Por ÁLVARO RODRÍGUEZ HERNÁNDEZ
- Secretaría de Movilidad
Pareciese que EL Instituto de Movilidad de Pereira (Tránsito, como se llamaba) estuviese sometida a una ´liposucción´ moral. A tener ´freno de mano´
Hace rato viene dando tumbos. De allí que se tramite una reingeniería por el bien de la organización, así salgan olores malucos de esa intervención.
Pero digámoslo en términos prácticos y duros: hay que frenar ese despelote que se ve venir. Ese horno con papas calientes, cuya temperatura quema el honor y el trabajo ejemplar de muchos funcionarios.
Pero no se puede dejar intronizar costumbres fétidas.
Hemos oído hablar del actual director, Emerson Jaimes– a quien no conocemos – pero esperamos resultados dignos. Que reviente pus y que reciba todo el apoyo y el acompañamiento del gobierno. El respaldo íntegro del Alcalde Salazar, empeñado en limpiar la cañería. En destapar y darle dirección a esta entidad, que esperemos no resulte ´pinchada´ por malas prácticas.
Es un deber de los buenos funcionarios,del propio Concejo de la ciudad, acompañar procesos en bien de esa otrora poderosa institución. ¡Eso esperamos! De resto: es meter reversa moral en una entidad que no se puede dejar estrellar.
2-. COMFAMILIAR
Hace rato viene en zig -zag, la Caja de Compensación Familiar del Risaralda. Desde que un Ministro necio y polituquero él, decidió meterle la mano y ensuciar al Consejo directivo con fichas señaladas. Y, ahí, ¡fue Troya!
Pareciese una retaliación ante las demandas por acoso laboral instauradas por el director actual, el ex banquero, Luis Fernando Acosta.
Pésima labor hacen, quienes se empeñan en colocar trabas a su gestión en pos de victorias pírricas y hacerse a un poder alterado.
Hace rato soplan vientos huracanados de vindicta.

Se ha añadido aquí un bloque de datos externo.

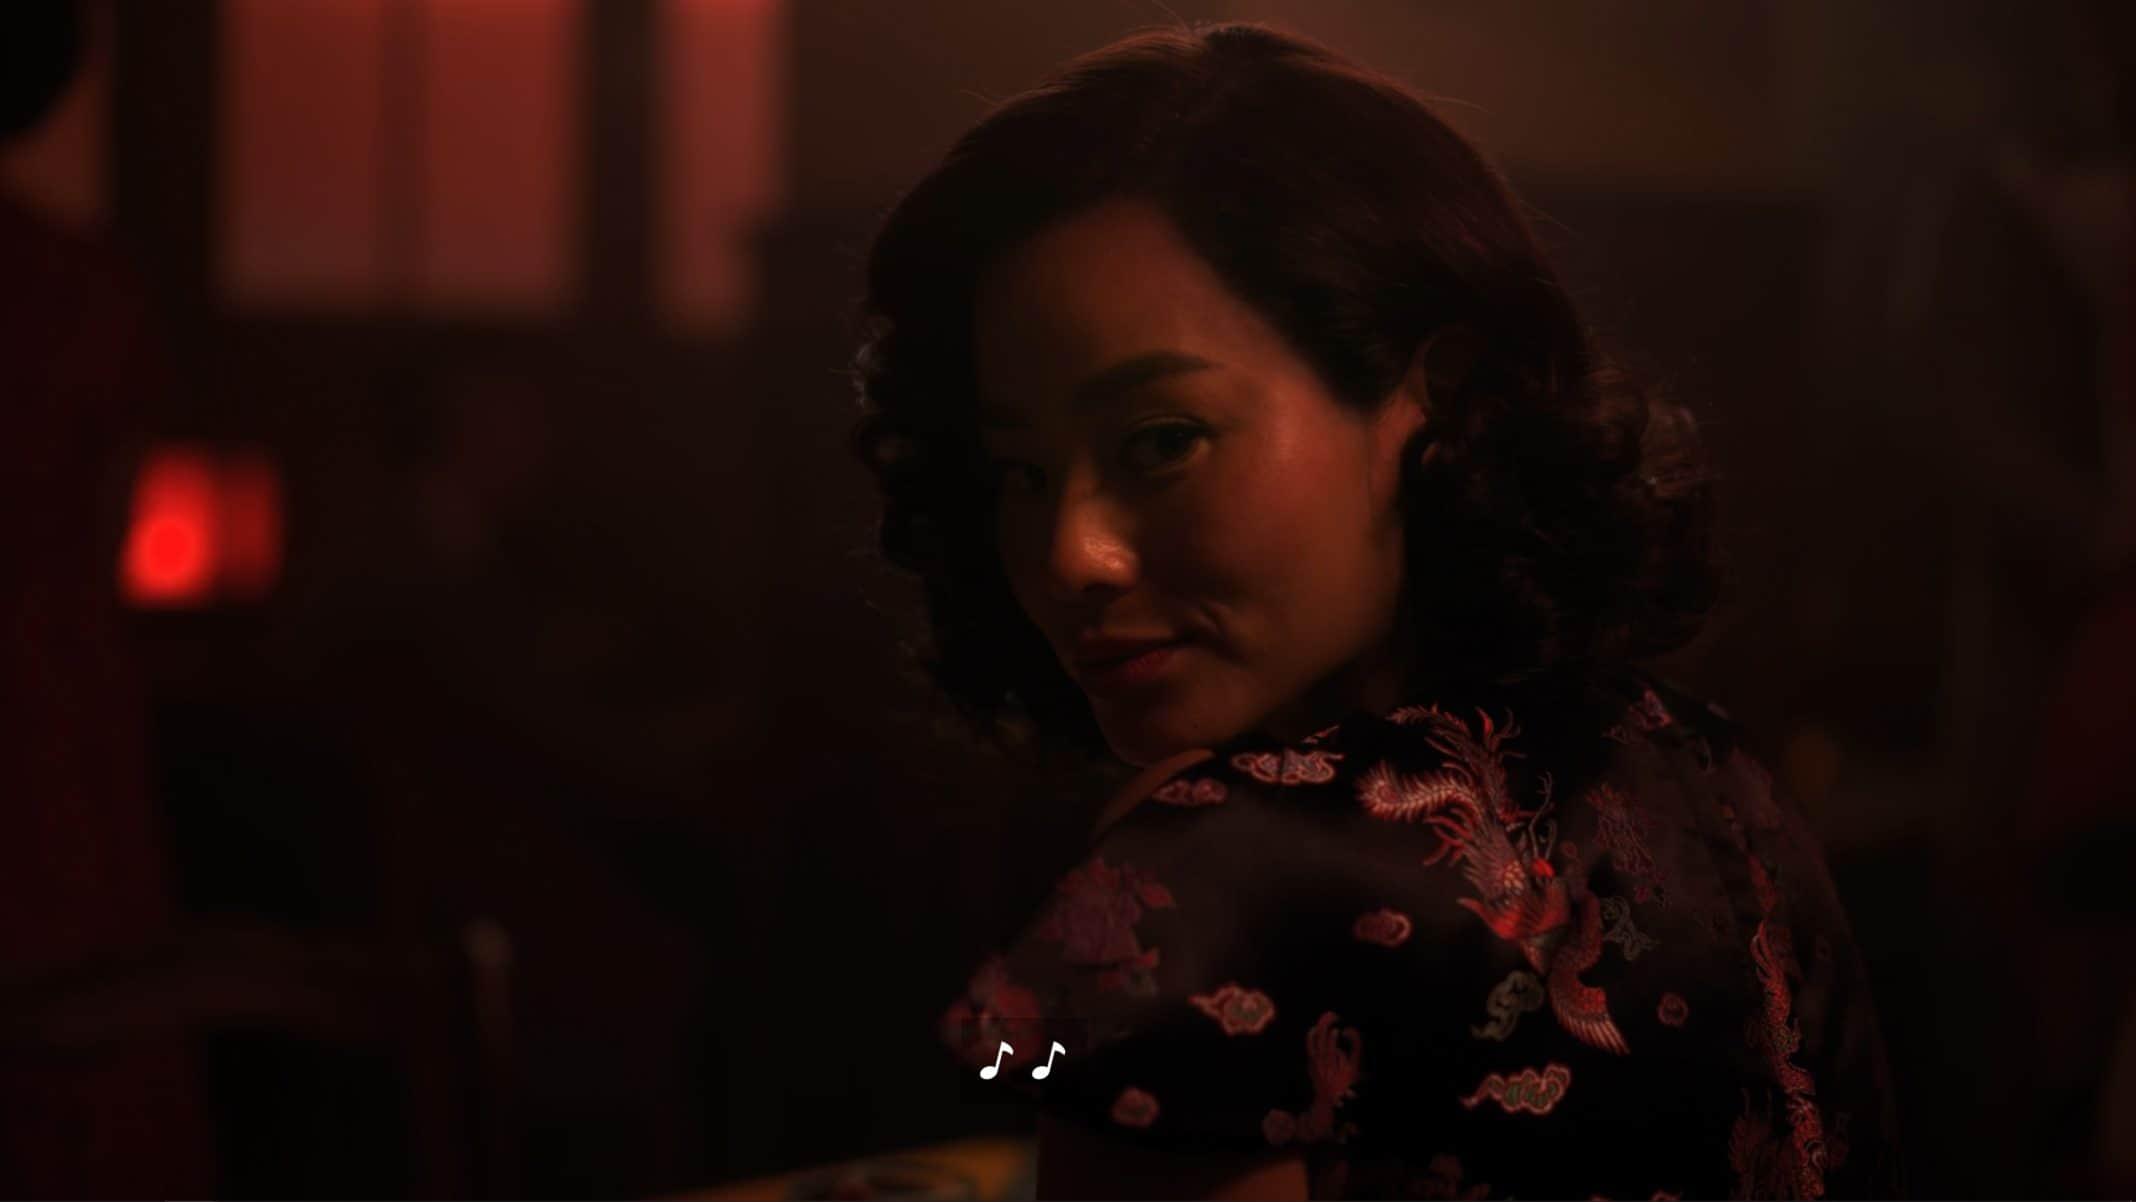 Ji-ah (Jamie Chung) looking over her shoulder.

De cobros anticipados y de buscar acomodos, como quien busca entre los resquicios de la ley, sobras legales, para alterar decisiones.

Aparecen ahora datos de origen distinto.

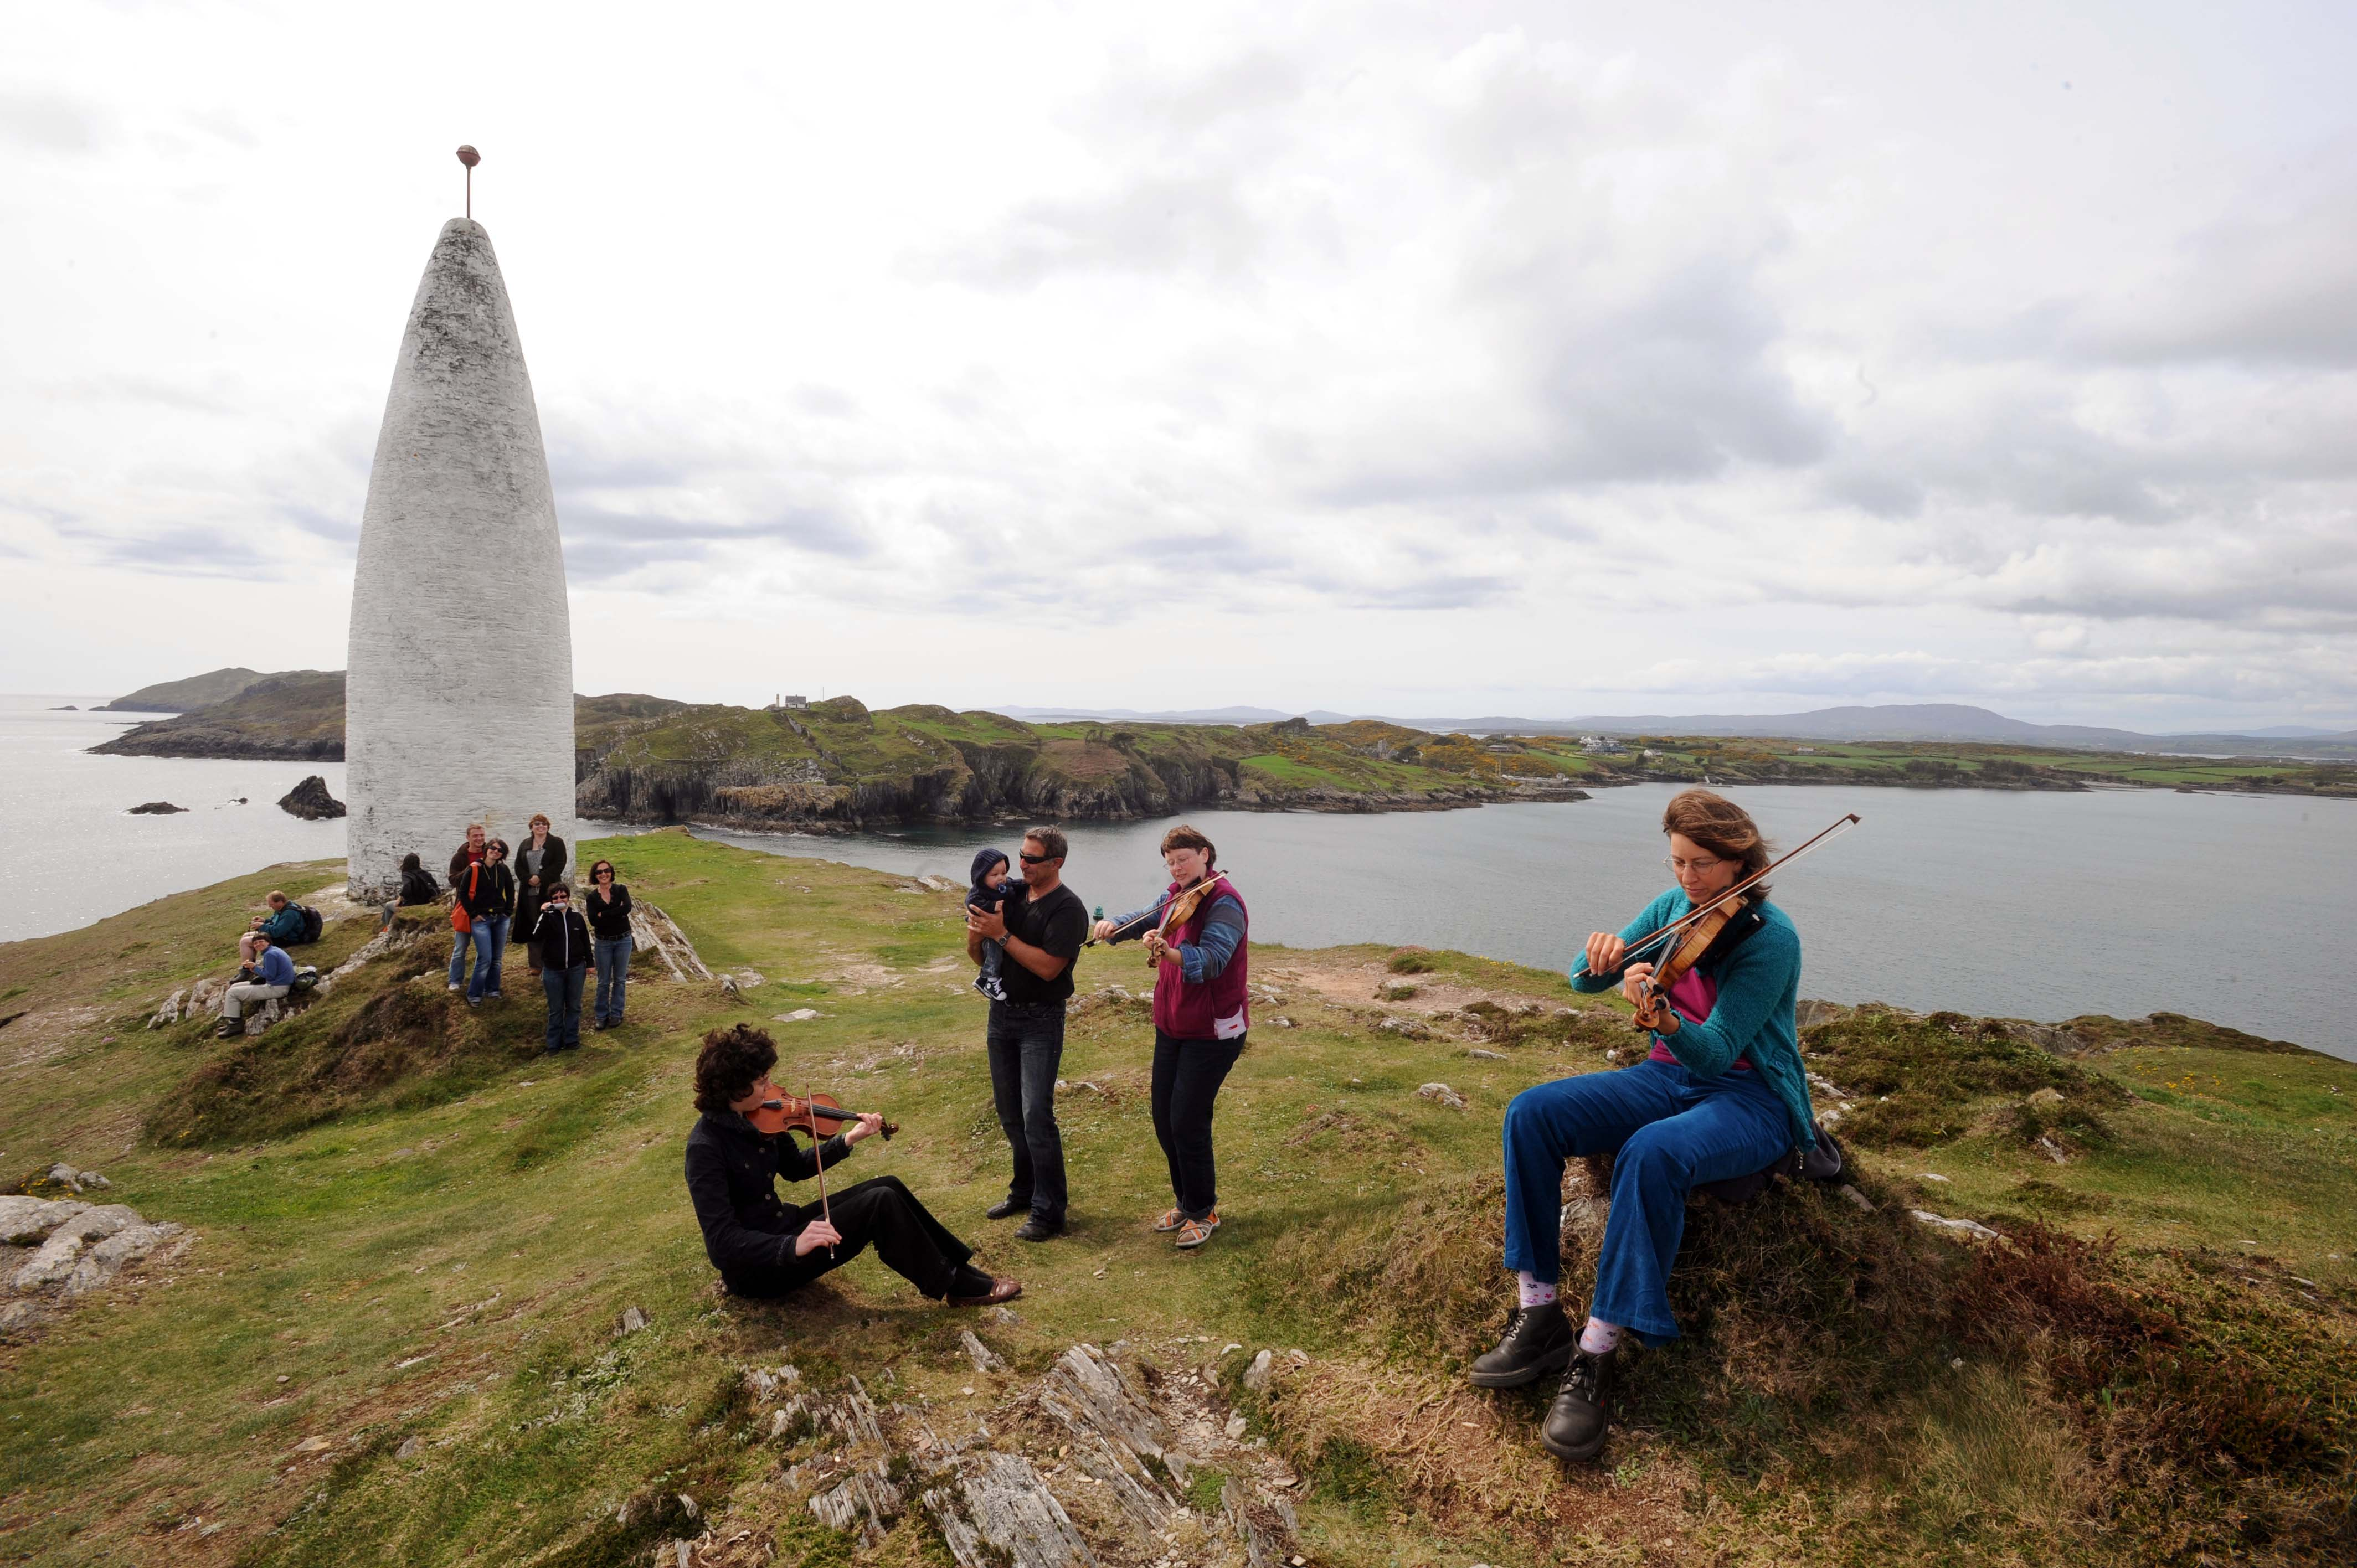 baltimore fiddle fair classes lessons tuition irish traditional burren clare ireland

Hay subidos tonos morales, que en vez de hacer claridad sobre lo que acontece hacia su interior, pareciese que la riña busca “imponer director”.

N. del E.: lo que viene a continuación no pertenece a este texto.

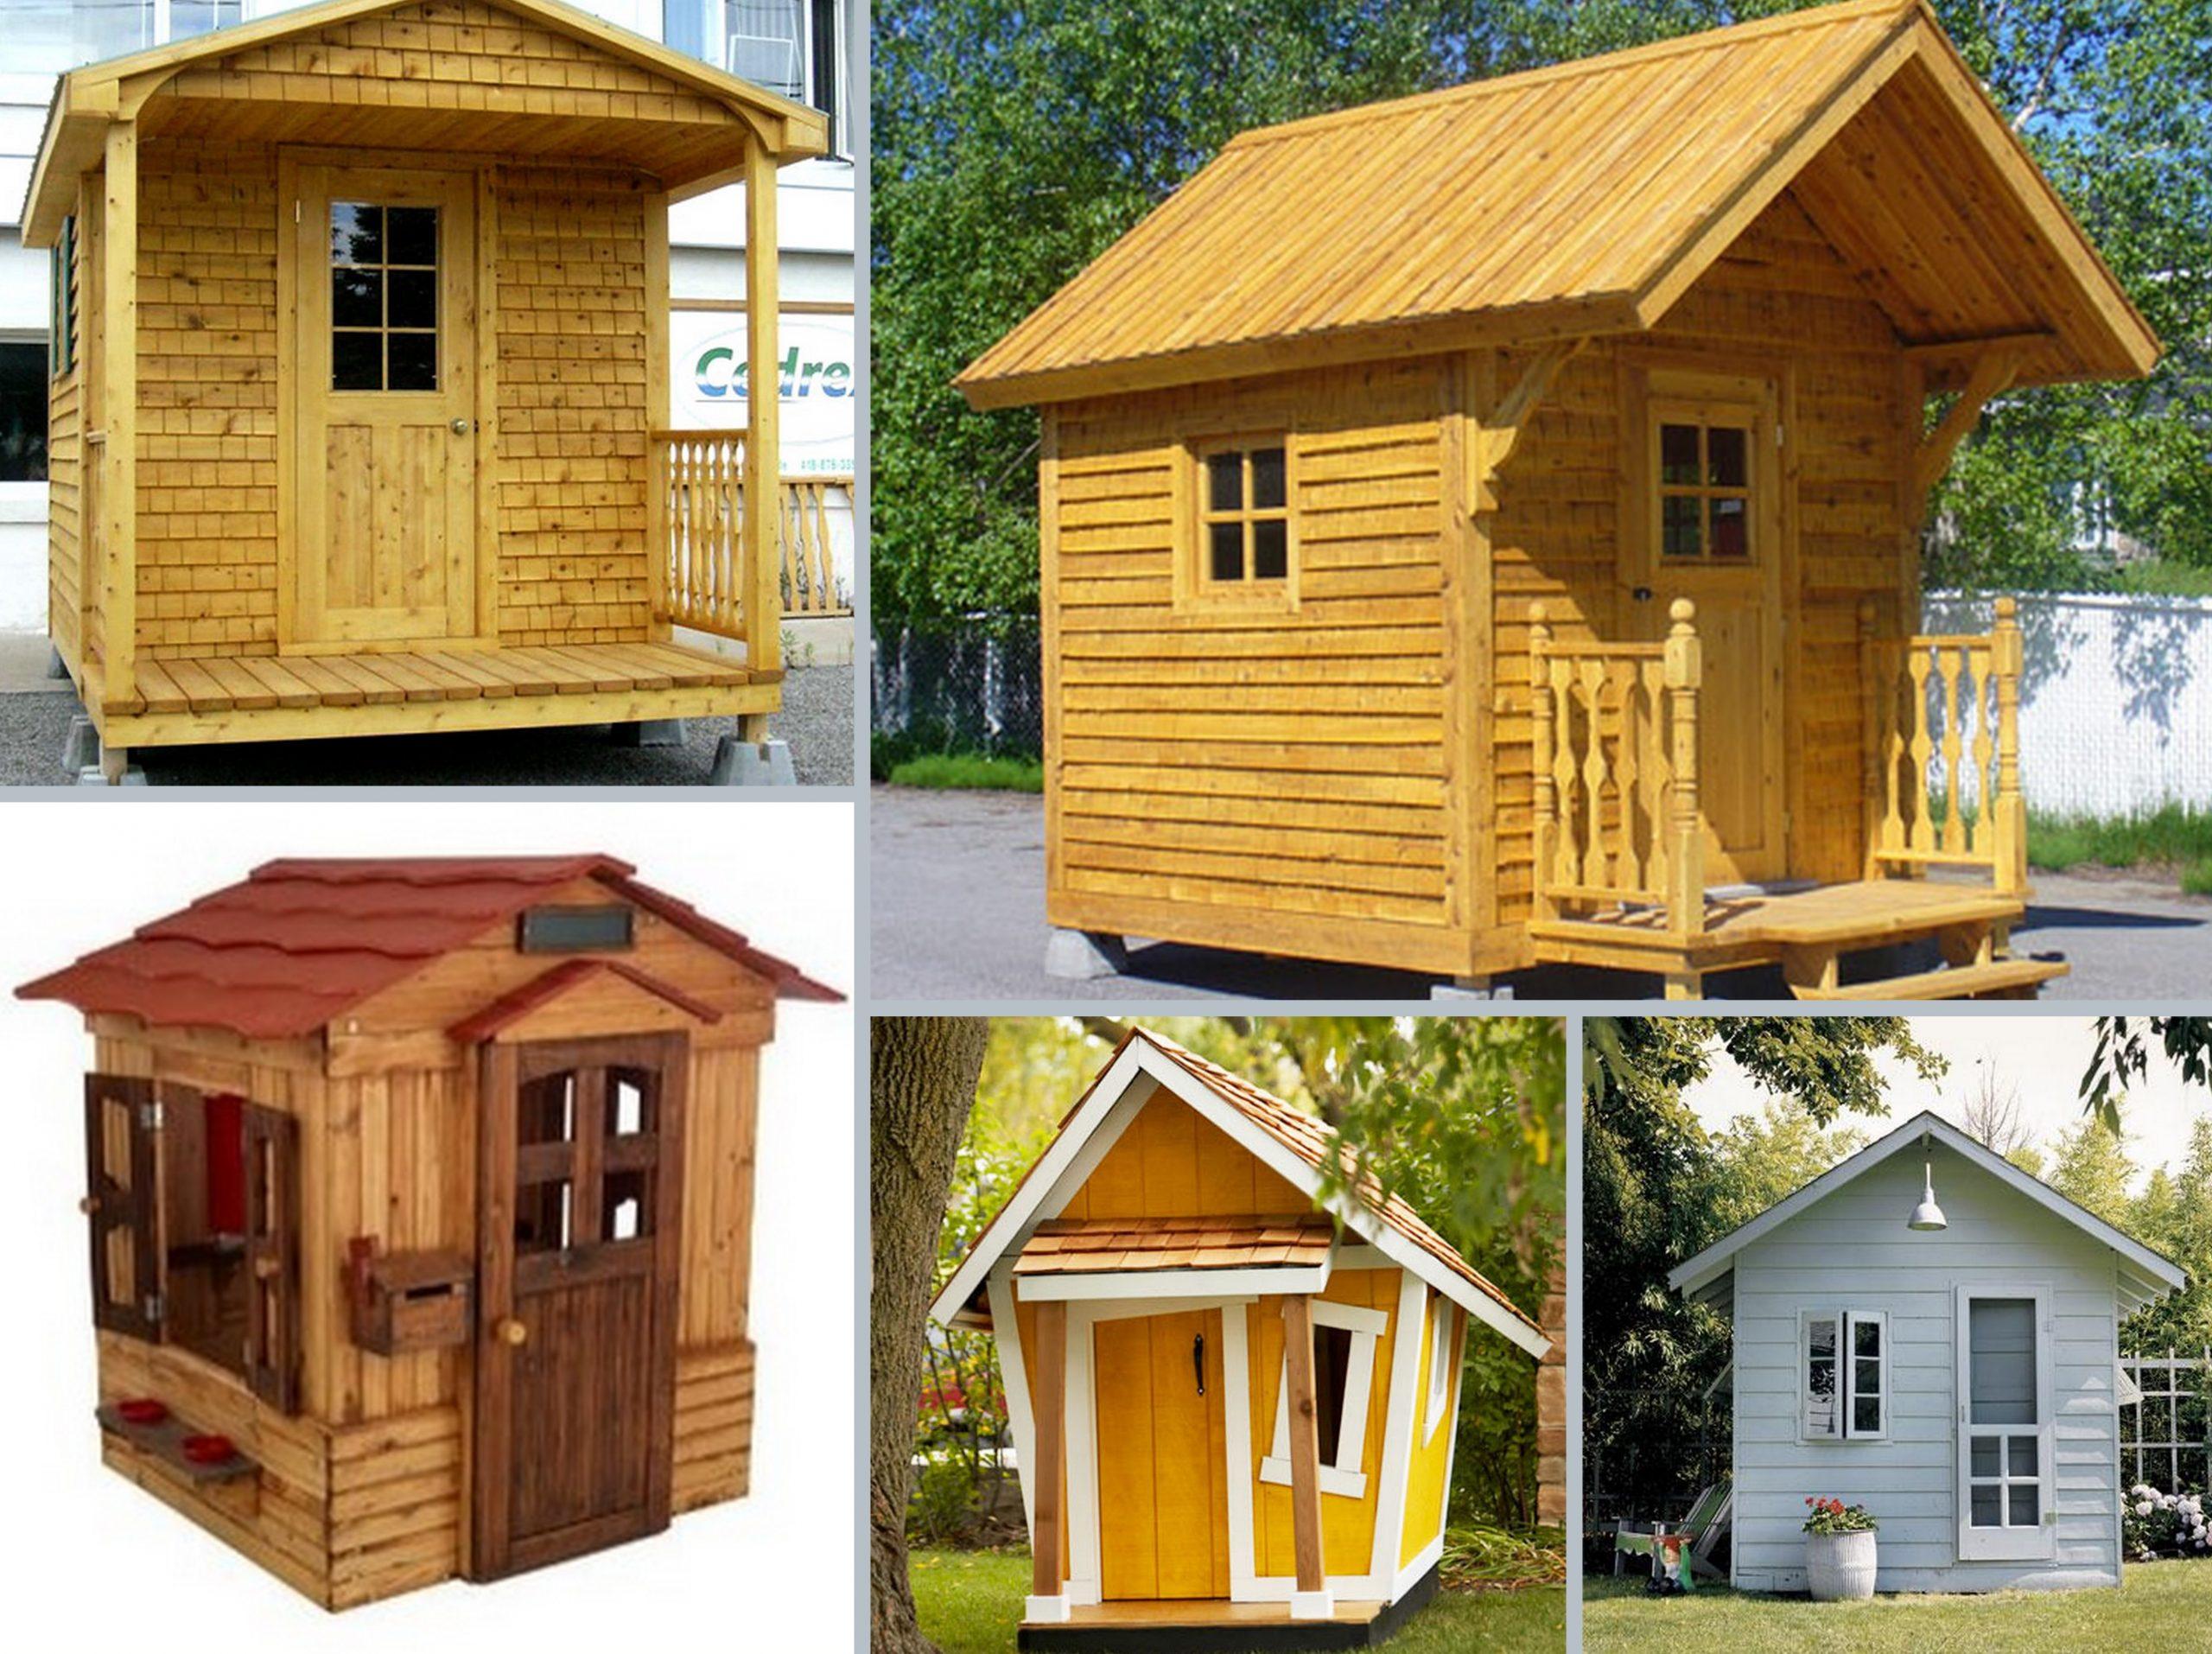 Construire Sa Maison En Bois serapportantà Abri De Jardin Le Bon Coin

Apurar un proceso de selección atropellado que “busca elegir una persona idónea, de las mejores calidades y cualidades, tanto personales como profesionales y sociales para el bienestar de los trabajadores risaraldenses y sus familias”. ¿Acaso, no las tiene el doctor Luis Fernando Acosta? Cuántos de los 6 que claman relevo, ¿no votaron por él antes?
¡Pobre COMFAMILIAR! Y, pensar, que la función no termina y los gritos del circo, busca aplausos para simular en la prórroga – como todo pareciese indicar – “sin que se considere una remoción”.
Dos papas calientes, ¿pero a qué costo? Preguntamos en esta opinión dominical cuando asoma febrero.